*Work instruction*
Once you find the line with "Двусторонний флаг ремонтной", transcribe it and all the lines that follow to the end of the data, exactly as written; skip any pictures.

*Data segment*
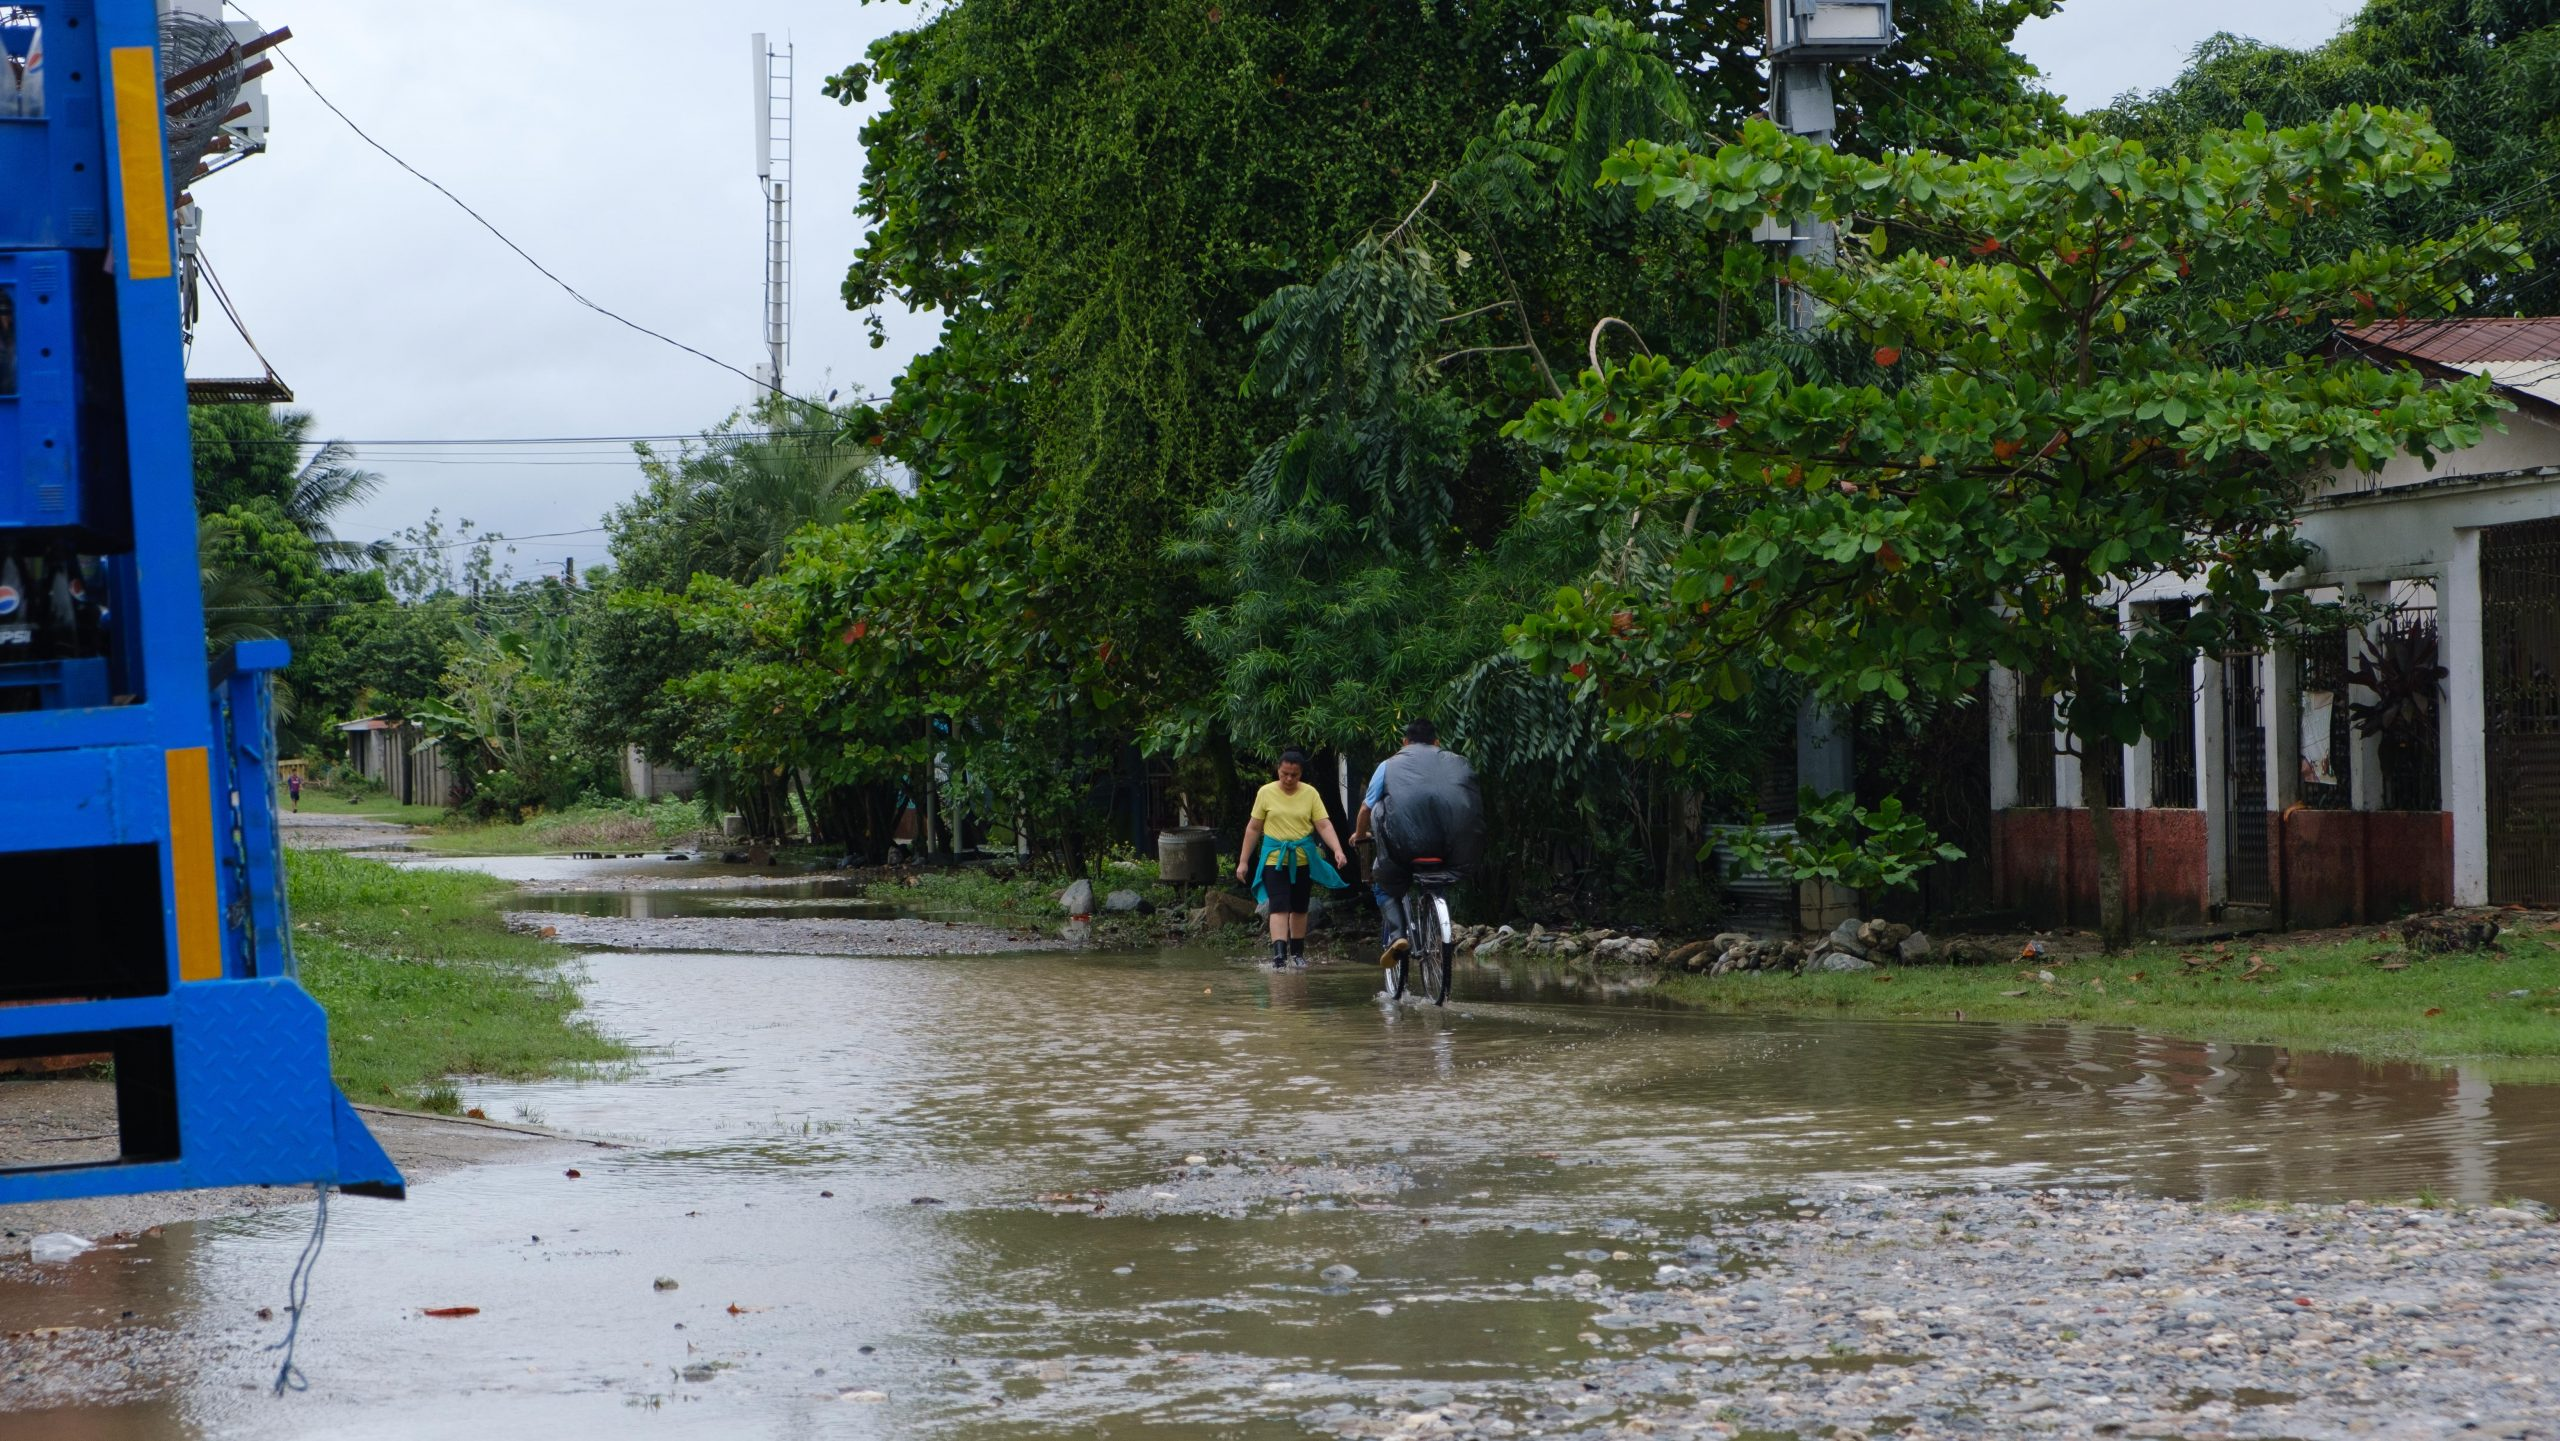 Varias calles de la colonia Palermo también se inundaron por las lluvias. El Progreso, Yoro, 3 de nov de 2020. Foto, Deiby Yanes.
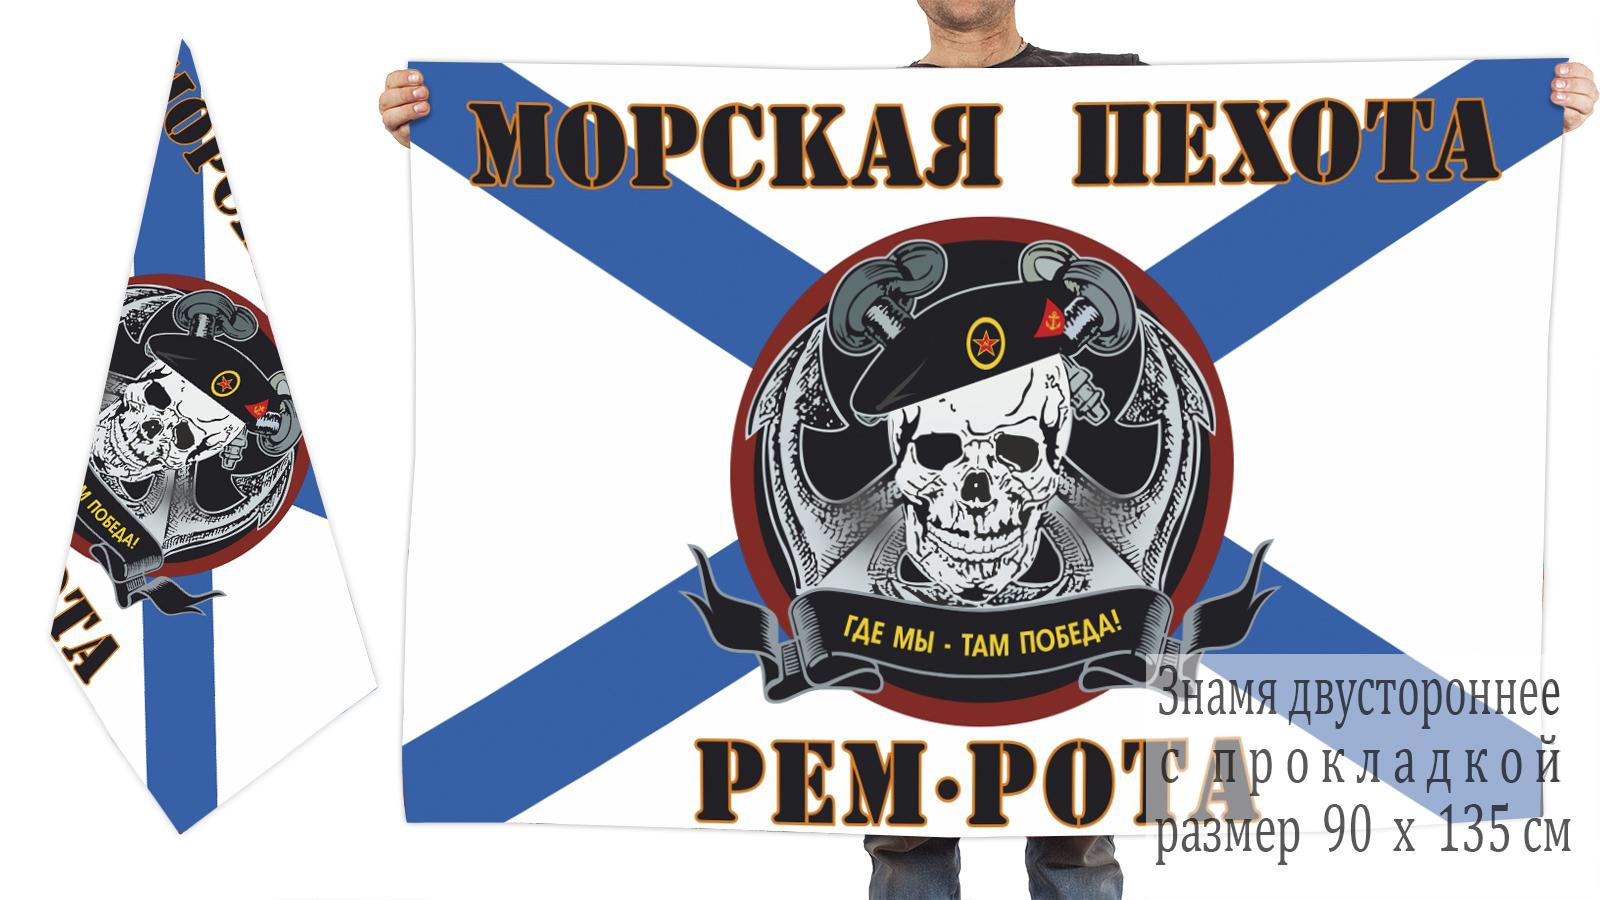 Двусторонний флаг ремонтной роты Морской пехоты с изображением Черепа
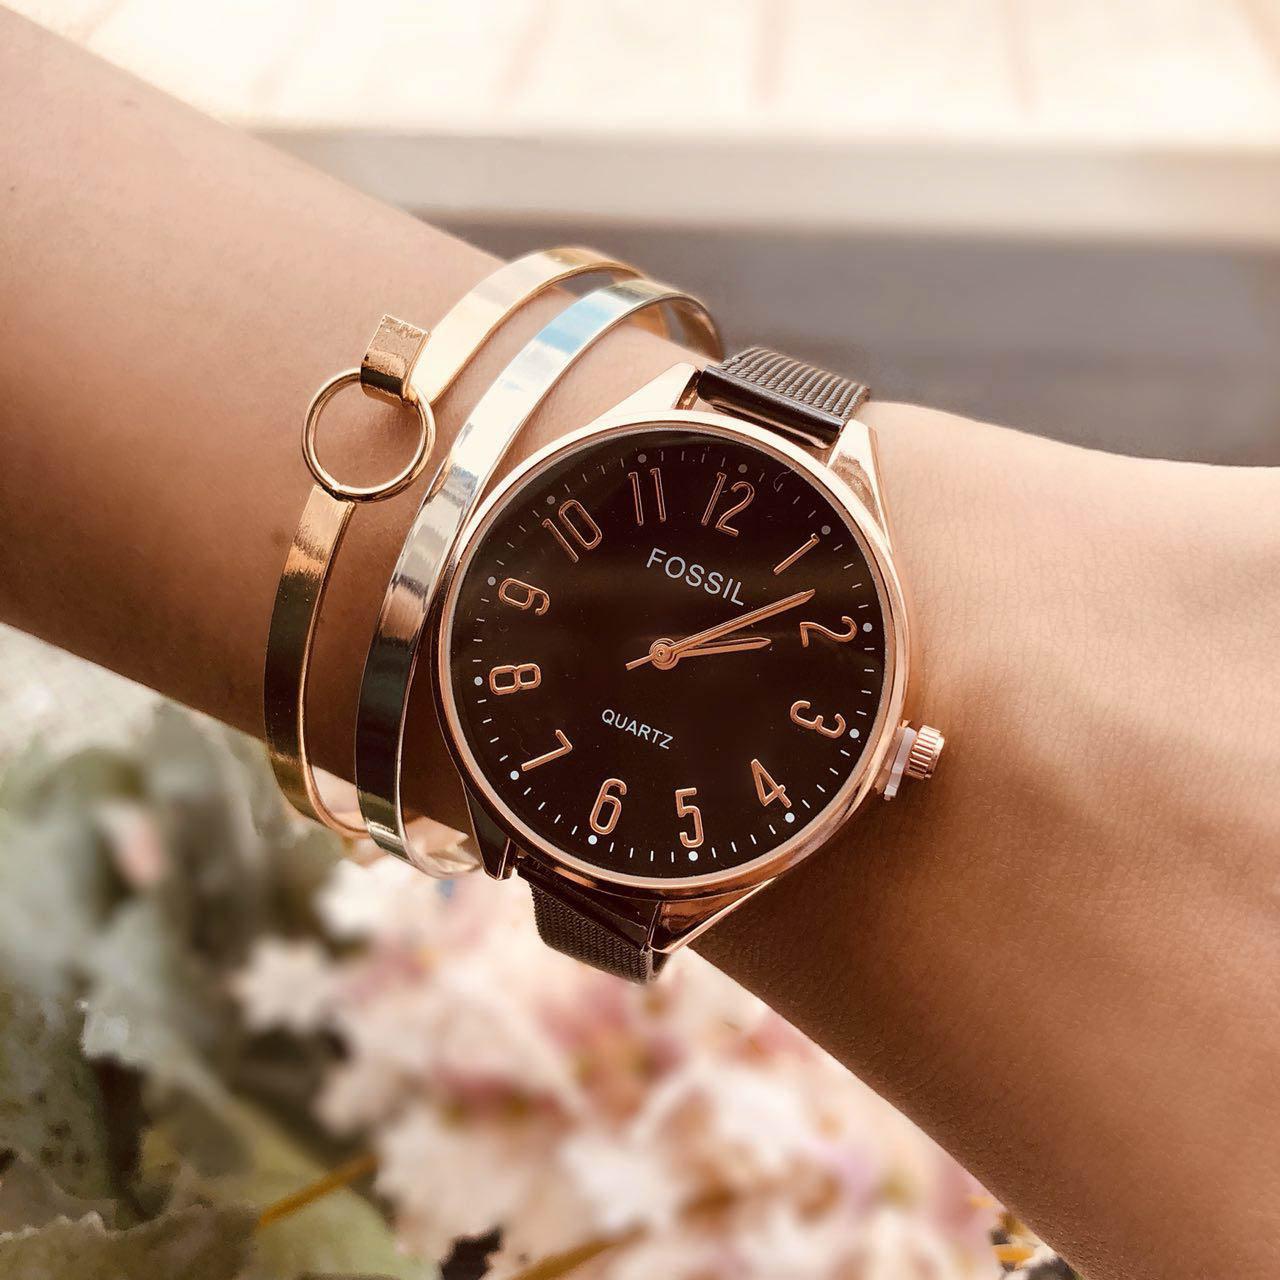 Pelengkap Pakaian Fos Fashion Watch Chain Rose Gold Frame + Rose Gold Dial + Gun Black Band FOSW06

*Solution to the exercise*
 Двусторонний флаг ремонтной роты Морской пехоты с изображением Черепа
 Pelengkap Pakaian Fos Fashion Watch Chain Rose Gold Frame + Rose Gold Dial + Gun Black Band FOSW06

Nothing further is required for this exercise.